This morning I woke up and decided that I was going to depart from my regular political rants and instead I am going to challenge Einstein and one of his long standing, widely held ideas concerning black holes. You see, Einstein predicted that inside a black hole, there would be so much mass concentrated down into a space so small that at this single point; both mass and gravity would become infinite. Einstein called this point the Singularity. For some time now I have been batting around in my head two problems regarding the existence of such a single point of infinite mass and gravity.

First, it is important to stress that I am not a physicist. I am however a thinker that loves to twist ideas from various sources around in my head; …and I am smarter than the average Yogi the Bear! As such, I am going to present the following ideas.

### Problem 1: Gravity and Time

I am going to claim that Einstein’s idea of a singularity at the center of every black hole cannot exist. My reason for this is simple and has to do with time. Any physicist will tell you that gravity effects time. The more massive an object is, the more it slows time down; even to the point that time almost stops completely. I am proposing that much like time becomes the “protector” of the speed of light, so does it protect the very fabric of space by insuring that a singularity never forms within a super massive object. In a recent new television program, “Into the Universe with Steven Hawking” the renowned physicist, Steven Hawking gave a great description for how time is able to place a speed (of light) limit on every object. While I have heard this concept described in many different ways, Mr. Hawking’s description is simple and straight forward. Hawking proposed that we imagine a train traveling at as close to the speed of light as possible, 99.9% the speed of light.

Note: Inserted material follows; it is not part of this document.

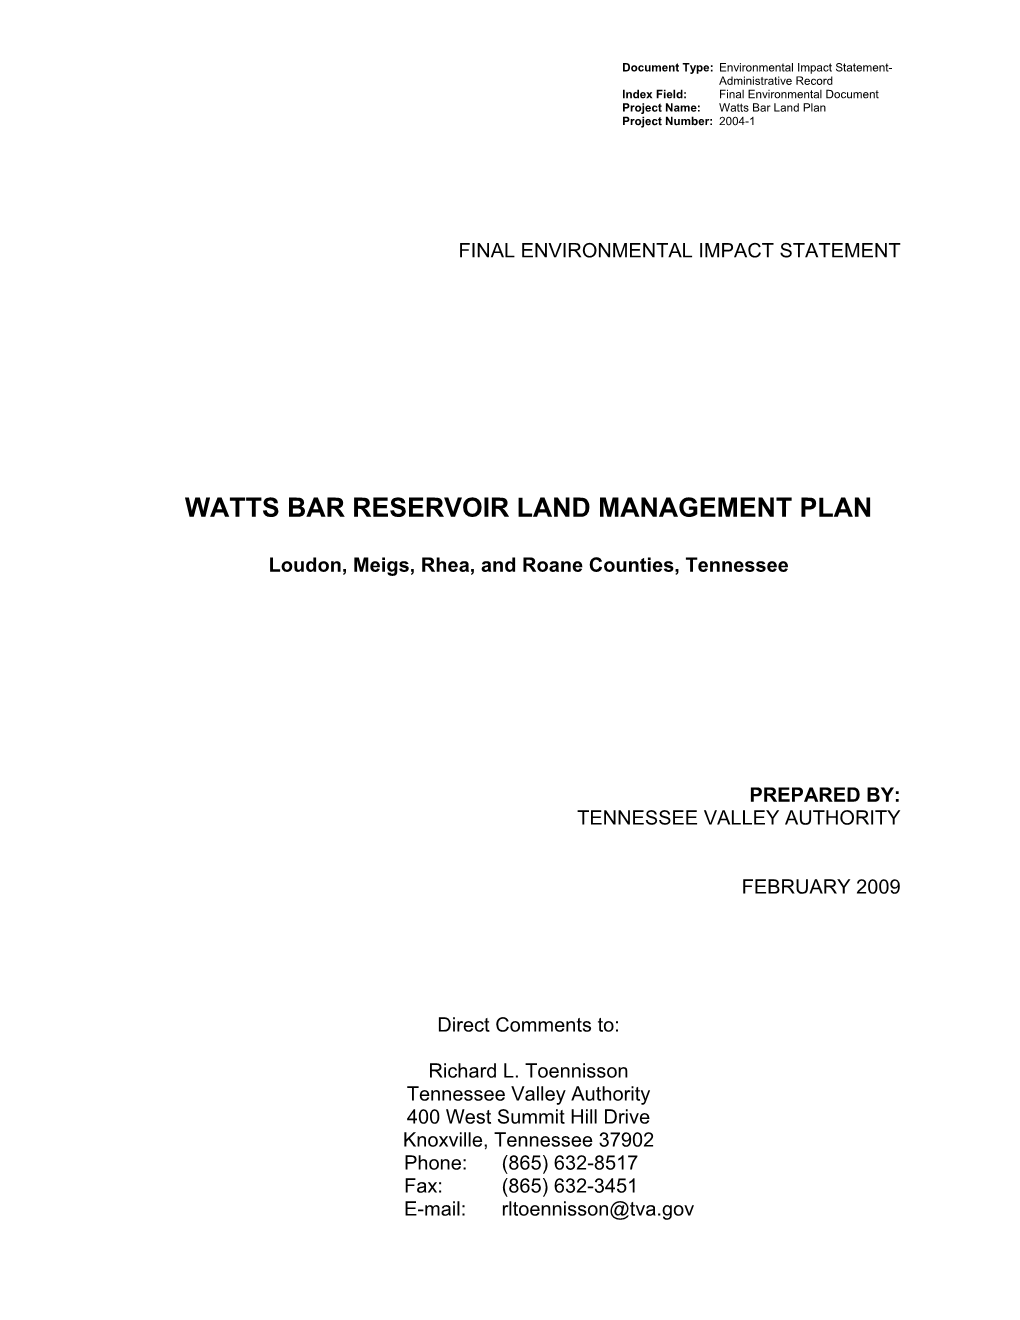 Watts Bar Reservoir Land Management Plan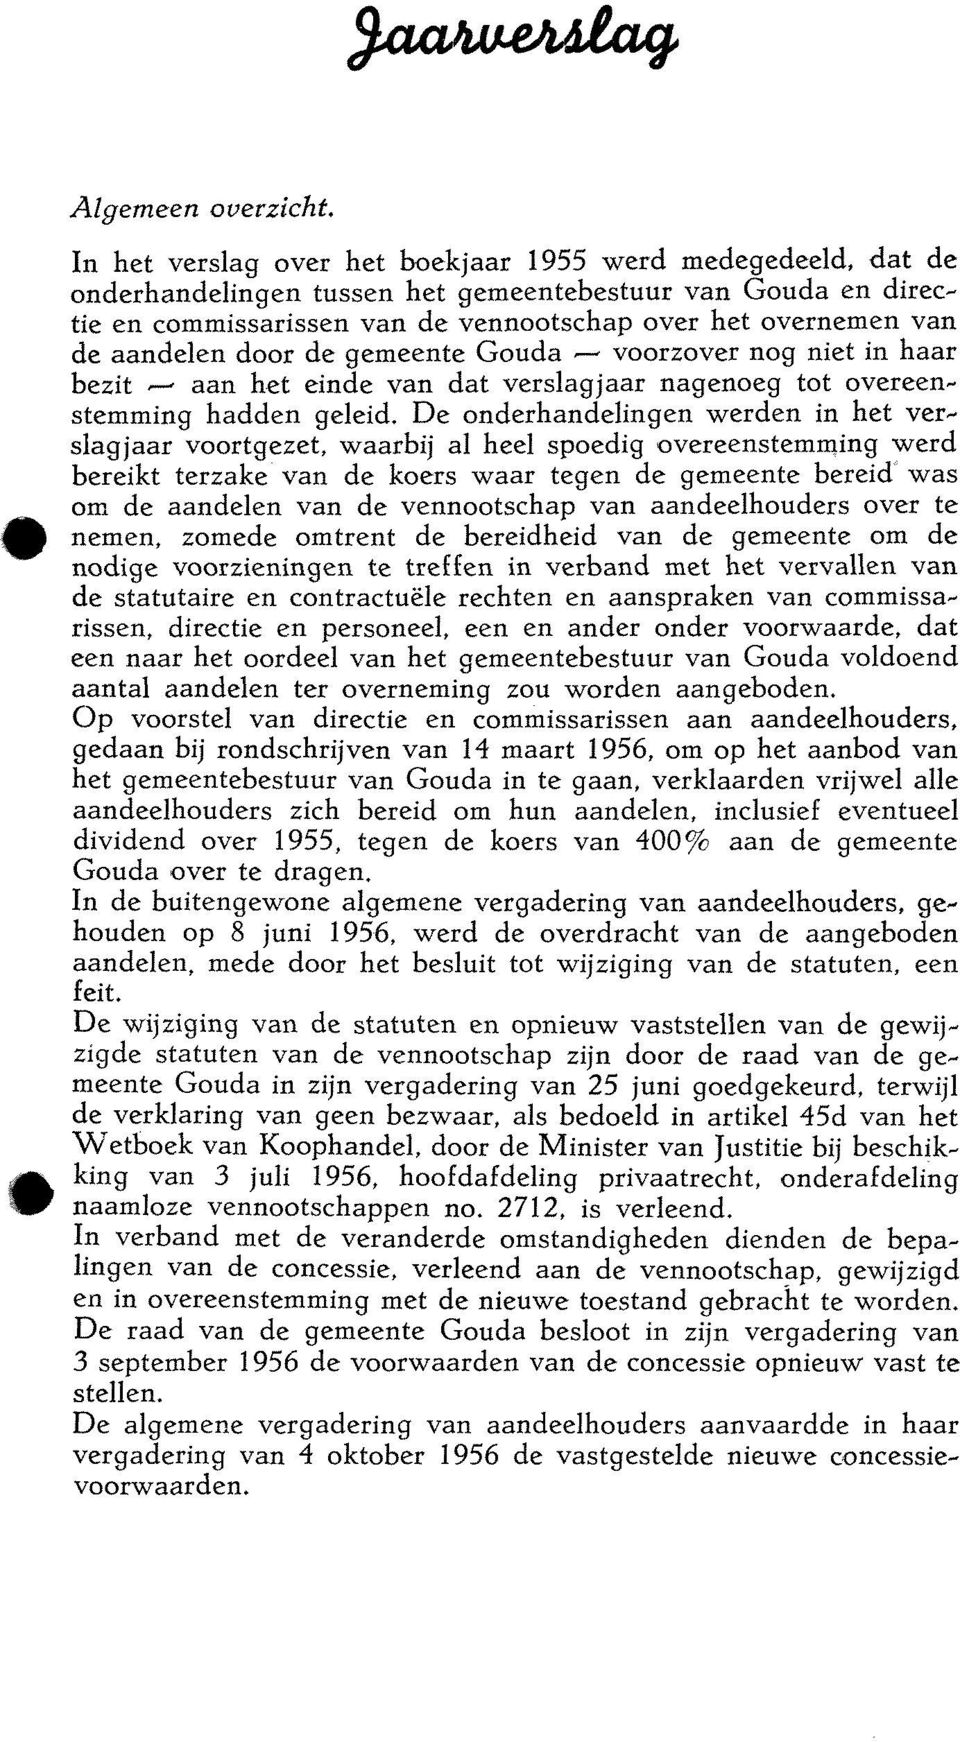 aandelen door de gemeente Gouda -- voorzover nog niet in haar bezit i- aan het einde van dat verslagjaar nagenoeg tot overeenstemming hadden geleid.

He then asked us to imagine what would happen if one of the passengers, a small girl sitting at the back of the train in this case, got up from her seat and ran down the aisle towards the front of the train. Basic intuition tells us that if the train is travelling just shy of the speed of light and the girl gets up and runs forward, her new forward speed should be added to the speed of the train and thus the little girl should be traveling faster than the speed of light. While this may sound logical, it simply is not what physicists like Mr. Hawking tell us would happen. Instead Mr. Hawking goes on to describe how the girl is never able to reach and surpass the speed of light because as she attempts to move forward, time slows down for her relative to her forward progress. As she attempts to run faster and faster, time continues to limit her by slowing down even more, thus insuring that she will never be able to reach or exceed the speed of light. I believe that something similar may be happening within super massive objects like black holes.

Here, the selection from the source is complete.